→ **Task item**: The material below contains a line with "Higher product quality" and a line with "Oppland 2 LW tent - 2 person - Burnt Red". Copy exactly those two lines and all lines between them.
START Given information
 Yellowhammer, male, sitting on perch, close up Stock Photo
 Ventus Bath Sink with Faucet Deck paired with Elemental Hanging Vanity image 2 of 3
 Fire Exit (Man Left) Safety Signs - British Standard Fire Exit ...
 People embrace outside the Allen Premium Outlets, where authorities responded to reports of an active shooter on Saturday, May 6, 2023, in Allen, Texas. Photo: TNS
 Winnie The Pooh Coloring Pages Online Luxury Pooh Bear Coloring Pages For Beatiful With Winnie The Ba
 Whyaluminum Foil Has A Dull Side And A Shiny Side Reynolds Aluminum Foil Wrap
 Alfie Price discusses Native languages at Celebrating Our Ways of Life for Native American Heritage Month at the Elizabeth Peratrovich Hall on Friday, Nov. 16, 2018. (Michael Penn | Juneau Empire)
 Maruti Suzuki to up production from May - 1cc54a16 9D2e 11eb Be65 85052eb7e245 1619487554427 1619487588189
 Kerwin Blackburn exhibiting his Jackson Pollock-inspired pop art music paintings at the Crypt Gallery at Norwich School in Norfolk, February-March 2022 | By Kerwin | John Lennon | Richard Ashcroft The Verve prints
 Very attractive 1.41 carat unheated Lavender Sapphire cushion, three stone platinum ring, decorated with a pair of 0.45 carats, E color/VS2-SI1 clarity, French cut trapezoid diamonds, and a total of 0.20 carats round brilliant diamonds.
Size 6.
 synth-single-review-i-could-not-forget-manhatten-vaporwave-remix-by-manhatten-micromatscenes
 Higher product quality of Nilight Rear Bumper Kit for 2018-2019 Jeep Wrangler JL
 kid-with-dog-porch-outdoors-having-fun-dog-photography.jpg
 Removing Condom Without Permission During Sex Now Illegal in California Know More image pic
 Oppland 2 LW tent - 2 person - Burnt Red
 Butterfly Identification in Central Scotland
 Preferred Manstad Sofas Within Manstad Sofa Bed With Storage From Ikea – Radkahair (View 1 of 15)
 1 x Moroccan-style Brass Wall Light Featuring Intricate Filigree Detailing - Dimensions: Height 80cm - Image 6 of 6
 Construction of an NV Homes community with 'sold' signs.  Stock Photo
END Given information
→ **Written response**:
 Higher product quality of Nilight Rear Bumper Kit for 2018-2019 Jeep Wrangler JL
 kid-with-dog-porch-outdoors-having-fun-dog-photography.jpg
 Removing Condom Without Permission During Sex Now Illegal in California Know More image pic
 Oppland 2 LW tent - 2 person - Burnt Red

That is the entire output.